A Python script that uses Python libraries, ImageJ, and ImageMagick to automatically convert a scanned PDF with two A4 pages, into a single A3.
The use case is scanned A3 pages used for life-drawing sessions at the Auckland CBD Life Drawing group.
These A3 pages are scanned in a Brother MFCL2720DW Monochrome wireless laser all-in-one printer. Due to the scanner glass size, it is not possible to scan the document in one go.
The A3 page is scanned twice. The first half is scanned facing up, and the second half needs to be scanned rotated 180 degrees. Previously GIMP was used to stitch the images, manually, changing opacity of layers.
OpenCV contains a stitching function, but it is not able to identify enough key points between images, since normally there are two drawings per page, with the mid-area of the drawing quasi-empty.
ImageJ comes with a plug-in for stitching that, when combined with a selection to reduce the search-area, works as well as the manual work flow with GIMP.

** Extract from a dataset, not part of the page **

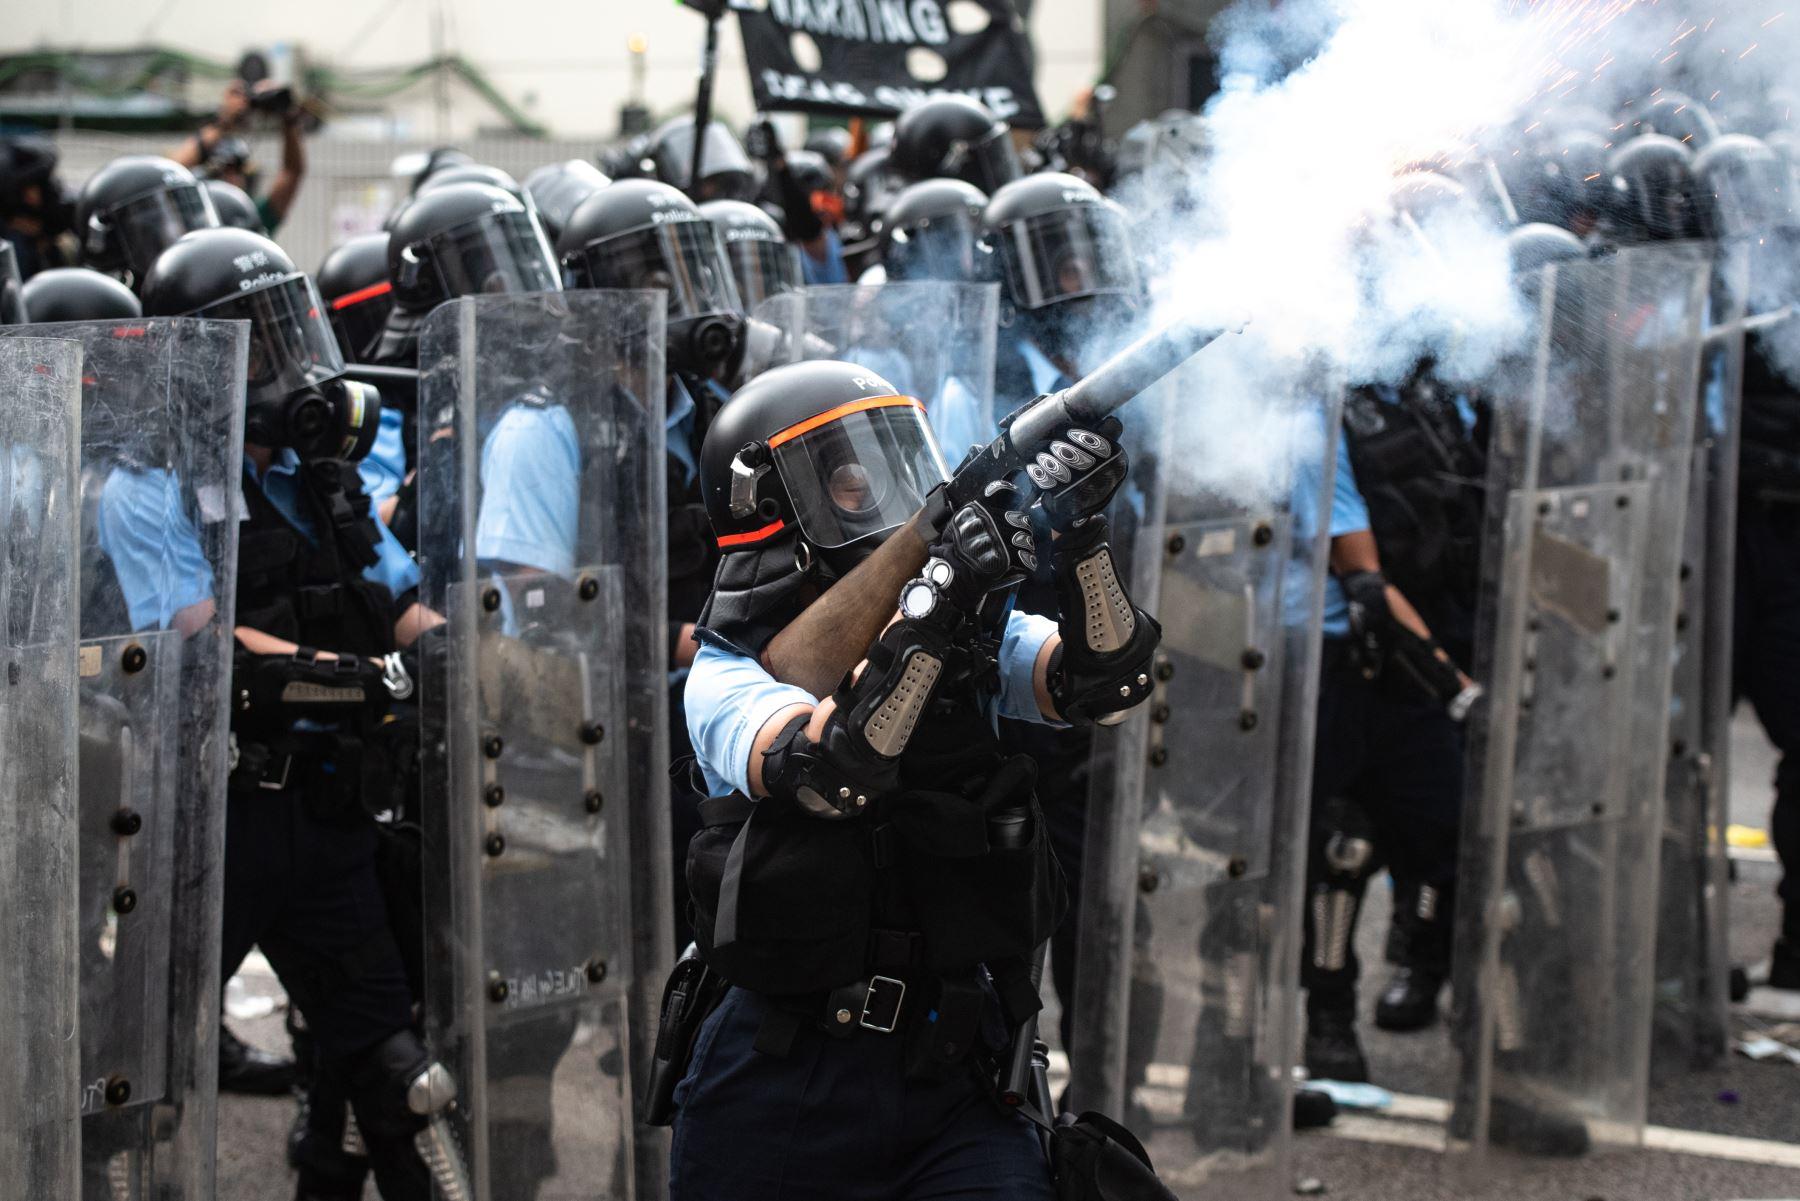 Violentos enfrentamientos estallaron en Hong Kong cuando la policía trató de detener a los manifestantes que irrumpían en el Parlamento Mientras que decenas de miles de personas bloquearon arterias clave en una demostración de fuerza contra los planes del gobierno para permitir la extradición a China. Foto: AFP

Instead of spending between 15 minutes, now the whole process takes less than 10 seconds to copy the files and execute the command line. The program takes between 1 and 2 minutes to process 6 files, creating the final image with color, brightness, and contrast levels adjusted, and an image with the canvas size with equal width and height (useful for social medias like Instagram, for instance).
The Python libraries used are:
The version of ImageJ used is ImageJ 1.53q, for Linux without a JRE. Due to libraries from the Sun namespace, and how ImageJ tries to load JVM libraries, it is necessary to use an Oracle JVM version 8:
kinow@ranma:~/Downloads/Fiji.app$ export PATH=/usr/lib/jvm/java-8-oracle/bin:$PATH
kinow@ranma:~/Downloads/Fiji.app$ ./ImageJ-linux64
Java HotSpot(TM) 64-Bit Server VM warning: ignoring option PermSize=128m; support was removed in 8.0
Java HotSpot(TM) 64-Bit Server VM warning: Using incremental CMS is deprecated and will likely be removed in a future release
And the following version of ImageMagick was used, installed via apt
in Ubuntu 20.04.4 LTS:
kinow@ranma:~/Downloads/Fiji.app$ convert -version
Version: ImageMagick 6.9.10-23 Q16 x86_64 20190101 https://imagemagick.org
Copyright: © 1999-2019 ImageMagick Studio LLC
License: https://imagemagick.org/script/license.php
Features: Cipher DPC Modules OpenMP
Delegates (built-in): bzlib djvu fftw fontconfig freetype jbig jng jpeg lcms lqr ltdl lzma openexr pangocairo png tiff webp wmf x xml zlib
Verify that the JVM, ImageJ, and ImageMagick versions are installed first.
Clone this repository and install the Python dependencies with pip
:
pip install -U pip
pip install -U -r requirements.txt
A virtual environment is recommended.
(venv) kinow@ranma:~/Development/python/workspace/a4-to-a3$ python main.py -h
usage: main.py [-h] [--keep-files] [--debug] IN [IN ...]
Converts a 2-page A4 document into a single page A3, stitching images that overlap.
positional arguments:
IN Input PDF
optional arguments:
-h, --help show this help message and exit
--keep-files Flag to keep intermediary files (left and right pages)
--debug Log debug information
You can pass a single or multiple PDF's. The process flow of the script is the following:
graph TD
A[extract images from PDF] --> B[rotate second page];
B --> C[ImageJ macro stitch pages];
C --> D[adjust brightness/color/contrast levels];
D --> E[resize images];
This repository contains an example from a figure drawing session.
The original input is the file example.pdf
.
The first page extracted from the PDF.
The second page extracted from the PDF, rotated 180 degrees.
The images have been inverted, stitched, inverted again, and saved as a single page.
And another version with same width and height sizes.